Researching Palestinians killing Jews and publicly pressuring the PA would do none of those things.



 


Former Palestinian prime minister and Oslo negotiator Ahmed Qurei, known as "Abu Alaa'", died last week in Ramallah.

He is being praised as a brilliant negotiator and peacemaker.


Mr. Qurei’s Israeli and American interlocutors remembered him as a trustworthy, creative, shrewd and often humorous negotiator.

“Together we’ve tried to bring peace to our peoples in an understanding that it’s our responsibility to make a better future to our children,” Tzipi Livni, a former Israeli minister and peace negotiator, wrote on Twitter after Mr. Qurei’s death.

Dennis Ross, a Middle East envoy and the chief peace negotiator in the administrations of presidents George H.W. Bush and Bill Clinton, recalled Mr. Qurei as “someone who was engaging and often brilliant as a negotiator.”

“He knew how to acknowledge Israeli concerns about security to gain acceptance of Palestinian needs,” Mr. Ross wrote in an email.
There is no doubt that, compared to Palestinians in general, Qurei was a moderate. He spoke out against the second intifada's terror attacks (although not against the intifada altogether.)
Yet even his comparative moderation proves how immoral Palestinian leaders are.

If you read his words carefully, he - along with all other "moderate" Palestinian leaders - never objected to suicide bombings or blowing up pizza shops on moral grounds, even when he claimed he was.

This is from his quarterly report on his government's activity to the Palestinian Legislative Council on March 31, 2004:

We believe that the blood of [Hamas leader] Sheikh Yassin was not spilled in vain… The struggle against the crimes of the occupation was harmed because of the operations against Israeli civilians. These [operations] served as a pretext for the continuation of the [Israeli] aggression. We have condemned them [i.e., the operations], and we must oppose them morally. We stress again our opposition to these [operations] from this platform, because they harm the image of the [Palestinian] national struggle and create confusion and misunderstanding in the international community. These operations damage us economically and serve as a cover for the Israeli government to continue the settlements and the construction of the fence.
The opposition to operations [against Israeli civilians] comes not only because they contradict the road map option, but also because they contribute to the accumulated hatred, enmity, and lack of trust … and weaken the peace camp.

Even though he says "we must oppose them morally," in context even that means that they must oppose them for political and tactical reasons. Terrorism makes Palestinians look bad to the international community, it hurts their cause, it damages them economically, it weakens the Israeli peace camp. But he doesn't express the least bit of anger or horror at actually blowing up Israeli civilians.

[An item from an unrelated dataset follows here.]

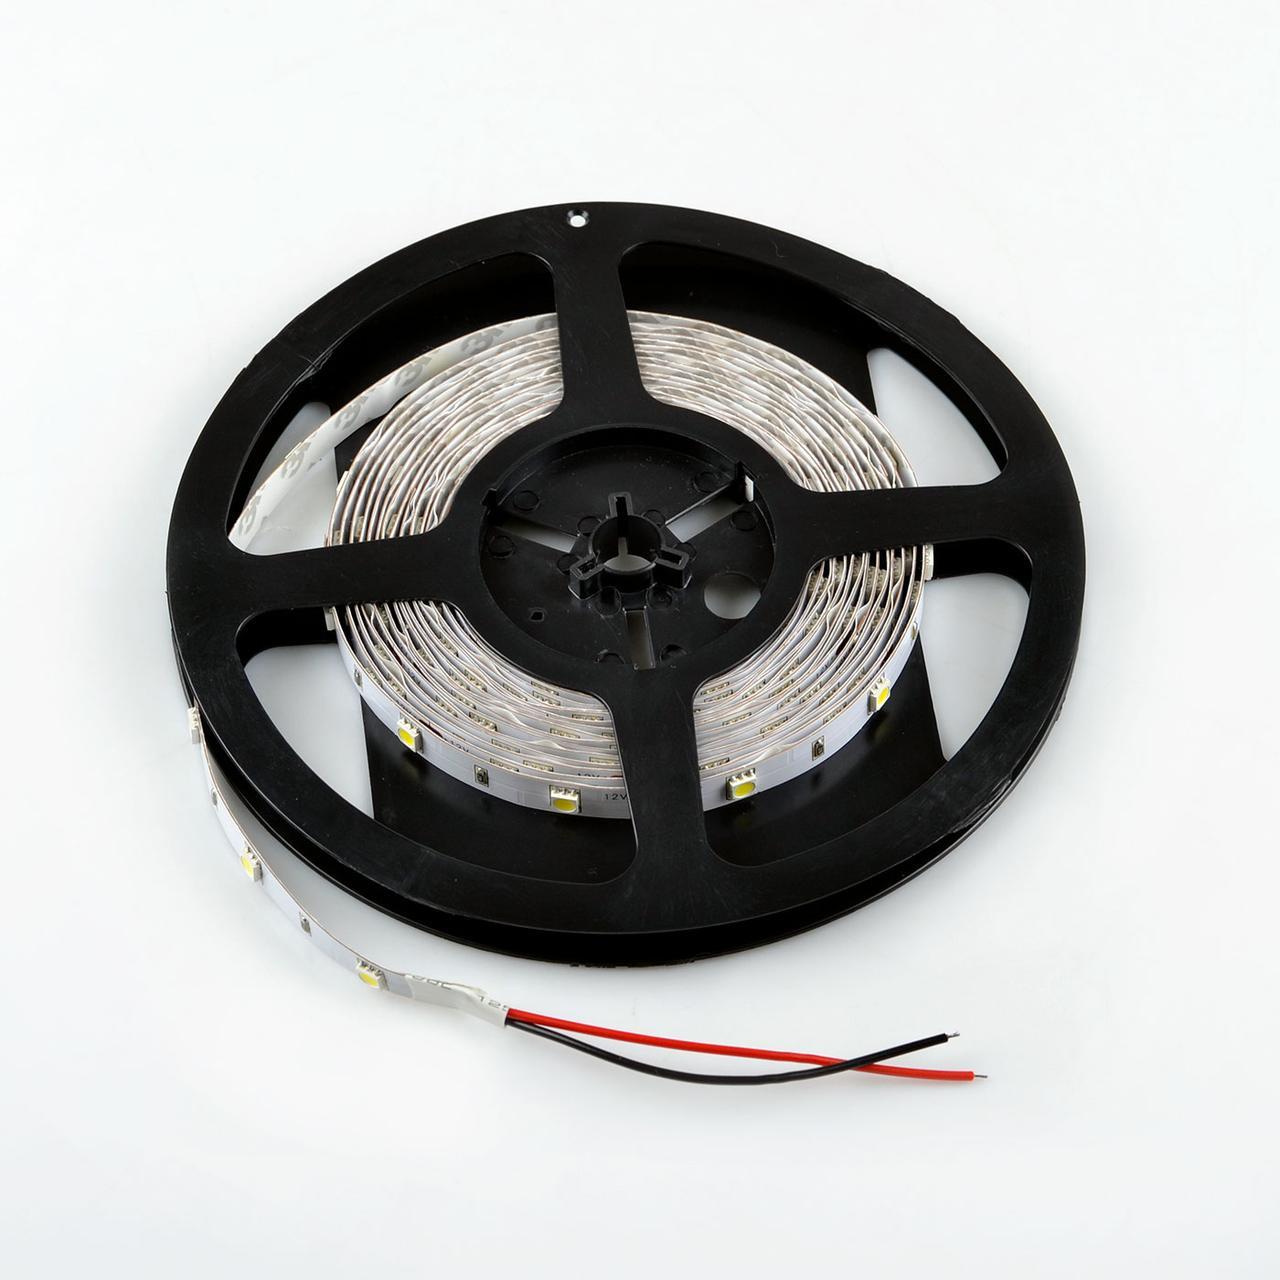 Светодиодная лента Venom SMD 5050 30д.м. (IP33) Standart (VST-5050120300-W)

And when it comes to his own Fatah faction slaughtering Israelis, he was an enthusiastic fan. Look how animated he is in this video, as he praises one of the comrades of Dalal Mughrabi and participant in her murder of 38 Israelis including 13 children, to great applause from the entire Fatah leadership at the 2009 Fatah Convention.

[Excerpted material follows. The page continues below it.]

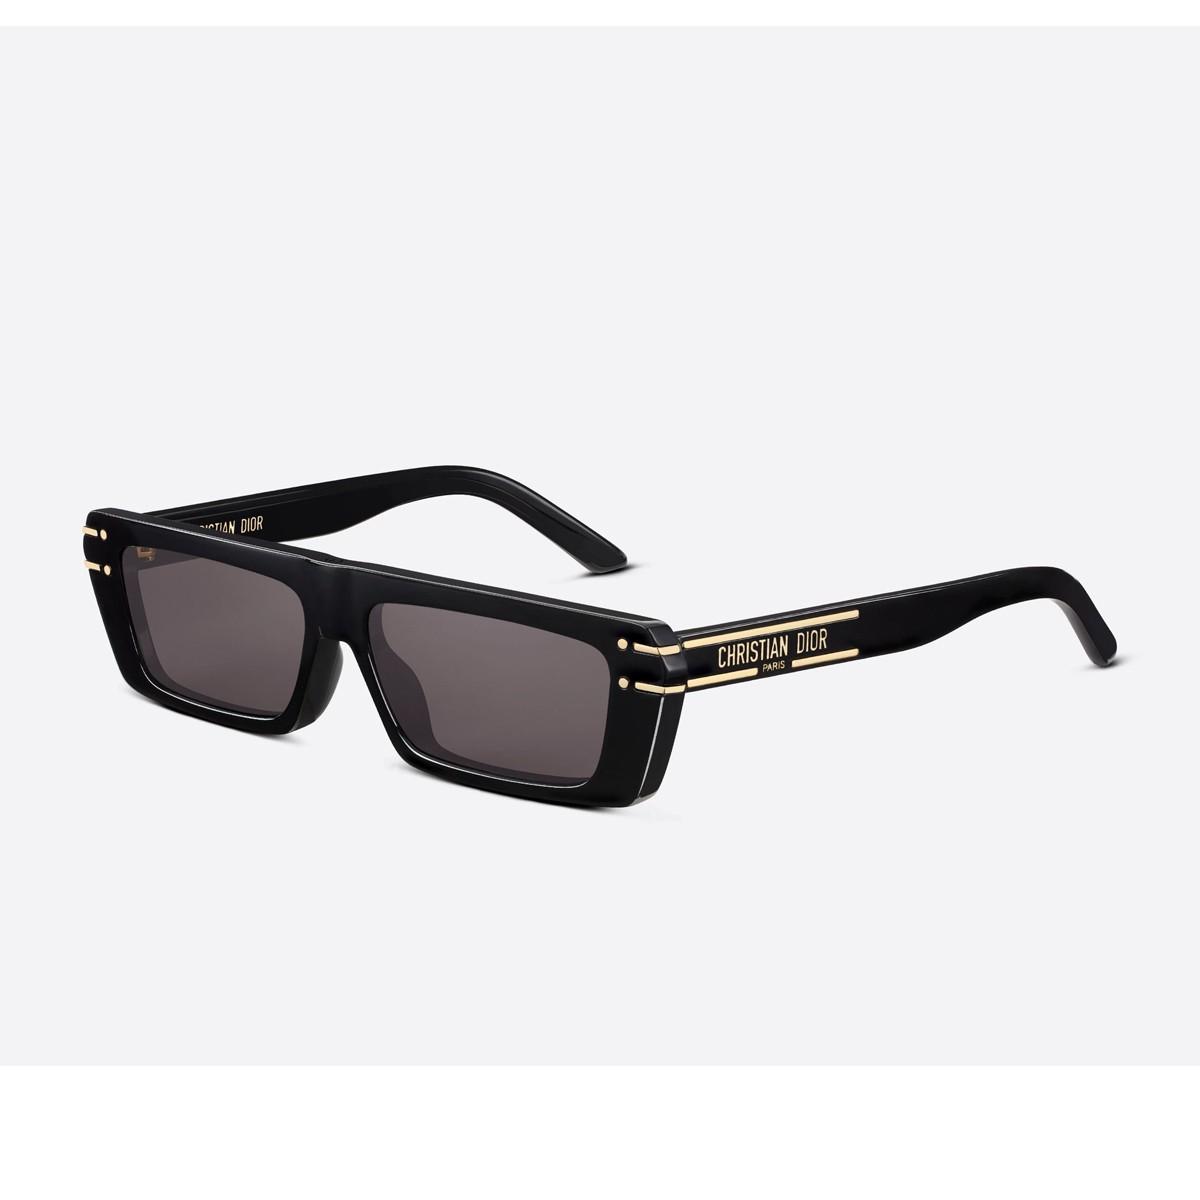 DIORSIGNATURE S2U | Women's sunglasses

We have with us today the hero Khaled Abu Asba’, the hero from the [1978] operation of the martyr Dalal A-Mughrabi. We salute and welcome him, and [we say] to the martyred heroine Dalal: All glory to you, all glory to you. All our sisters here are the sister of Dalal.
Abu Alaa 'certainly had no moral qualms about that terror attack. He vigorously praised it.
This is the story that the Western media simply doesn't want the world to know. Just this past week we've witnessed this whitewashing of history in articles and obituaries about Jimmy Carter, James Abourezk and now Ahmed Qurei. (Not in the same league but equally antisemitic was the late Yossi Gurvitz.)

If they had said something explicitly racist, their obituaries would at least mention it; but when they have histories of antisemitism or support for terror against Jews - nothing.

For all the talk about how awful antisemitism is, the media sure works hard to sweep it under the rug when it comes from anyone who isn't politically on the Right.